Terms and Definitions#


Connections implement chemical synapses between source and target cells and are characterized by having a transmission delay.

Connections in Arbor are defined in two steps:

  1. Create labeled source and target on two separate cells as part of their cell descriptions in the recipe. Sources typically generate spikes. Targets are typically synapses with associated biophysical model descriptions. Each labeled group of sources or targets may contain multiple items on possibly multiple locations on the cell.

  2. Declare the connection in the recipe on the target cell: from a source identified using a global_label; a target identified using a local_label (gid of target is the argument of the recipe method); a connection delay and a connection weight.

    def connections_on(self, gid):
        if gid + 1 < self.num_cells():
            return [arbor.connection((gid + 1, "spike-source"), "synapse", weight, delay)]
            return []
action potential#

Spikes travel over connections. In a synapse, they generate an event.

threshold detector#

Placed on a cell. Possible source of a connection. Detects crossing of a fixed threshold and generates corresponding events. Also used to record spikes for analysis. See here for more information.

spike source cell#

Artificial cell to generate spikes on a given schedule, see spike cell.


By default, spikes are used for communication, but not stored for analysis, however, simulation objects can be instructed to record spikes.

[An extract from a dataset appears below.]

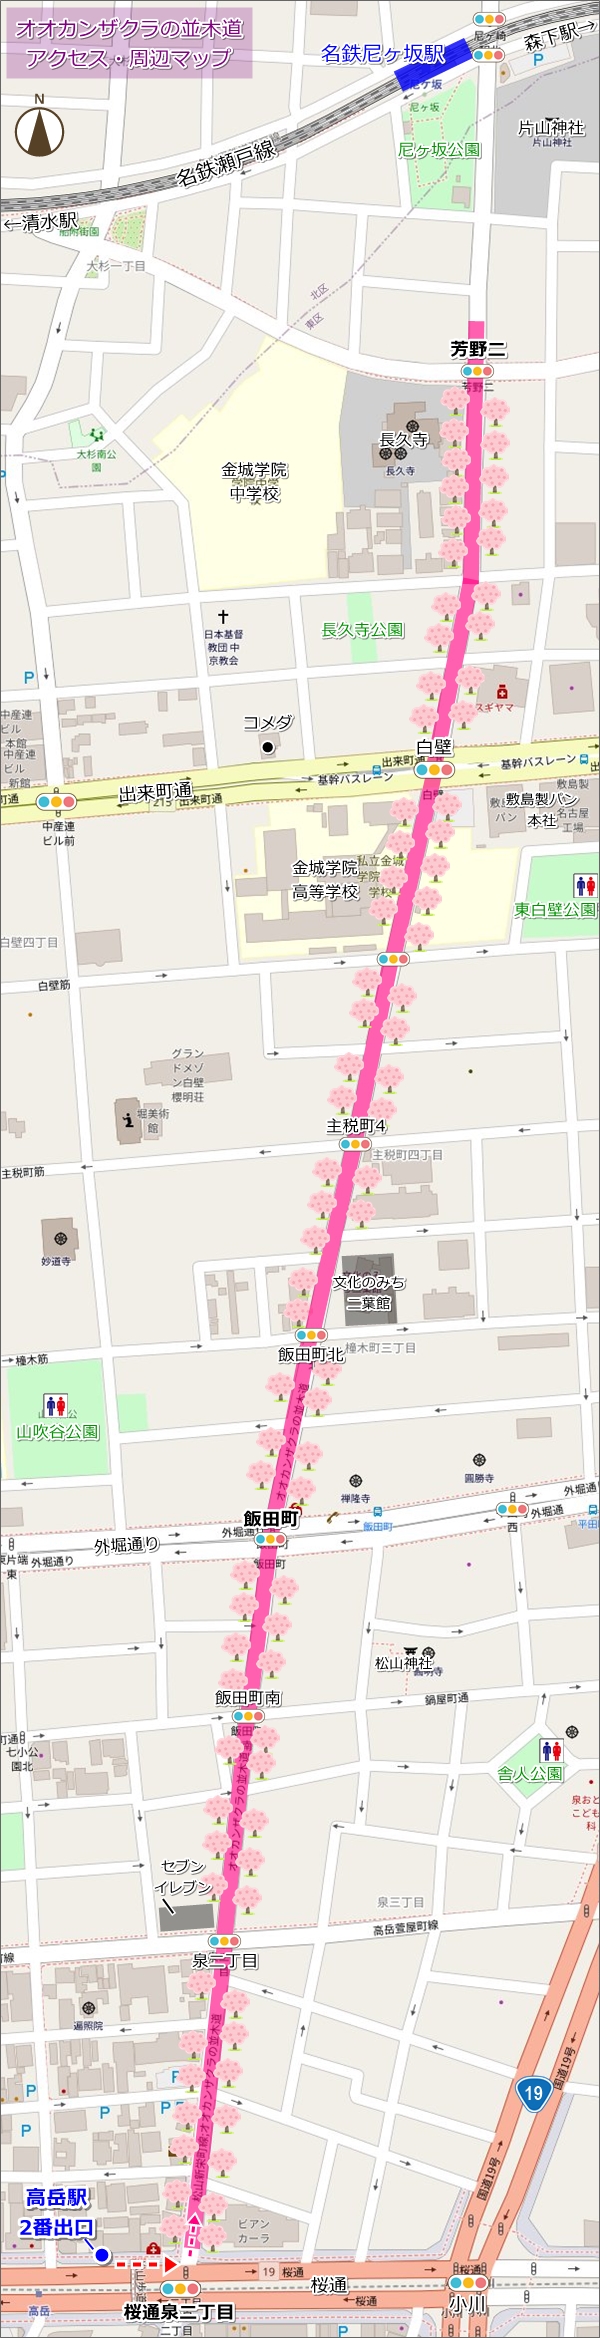 オオカンザクラの並木道(名古屋市東区)アクセスマップ01

In a synapse spikes generate events, which constitute stimulation of the synapse mechanism and the transmission of a signal. A synapse may receive events directly from an event generator.

event generator#

Externally stimulate a synapse. Events can be delivered on a schedule. See arbor.event_generator for details.

gap junction connection#

Gap junctions represent electrical synapses where transmission between cells is bidirectional and direct. They are modelled as a conductance between two gap junction sites on two cells.

Similarly to Connections, Gap Junctions in Arbor are defined in two steps:

  1. Create labeled gap junction sites on two separate cells as part of their cell descriptions in the recipe. Each labeled group of gap junctions may contain multiple items on possibly multiple locations on the cell.

  2. Declare the Gap Junction connections in the recipe on the local cell: from a peer gap junction site identified using a global_label; to a local gap junction site identified using a local_label (gid of the site is implicitly known); and a unit-less connection weight. Two of these connections are needed, on each of the peer and local cells. The callback gap_junctions_on returns a list of these items, eg

    def gap_junctions_on(self, gid):
        n = self.num_cells
        if gid + 1 < n and gid > 0:
            return [arbor.gap_junction_connection((gid + 1, "gj"), "gj", weight),
                    arbor.gap_junction_connection((gid - 1, "gj"), "gj", weight),]
        elif gid + 1 < n:
            return [arbor.gap_junction_connection((gid + 1, "gj"), "gj", weight),]
        if gid > 0:
            return [arbor.gap_junction_connection((gid - 1, "gj"), "gj", weight),]
            return []

    Note that gap junction connections are symmetrical and thus the above example generates two connections, one incoming and one outgoing.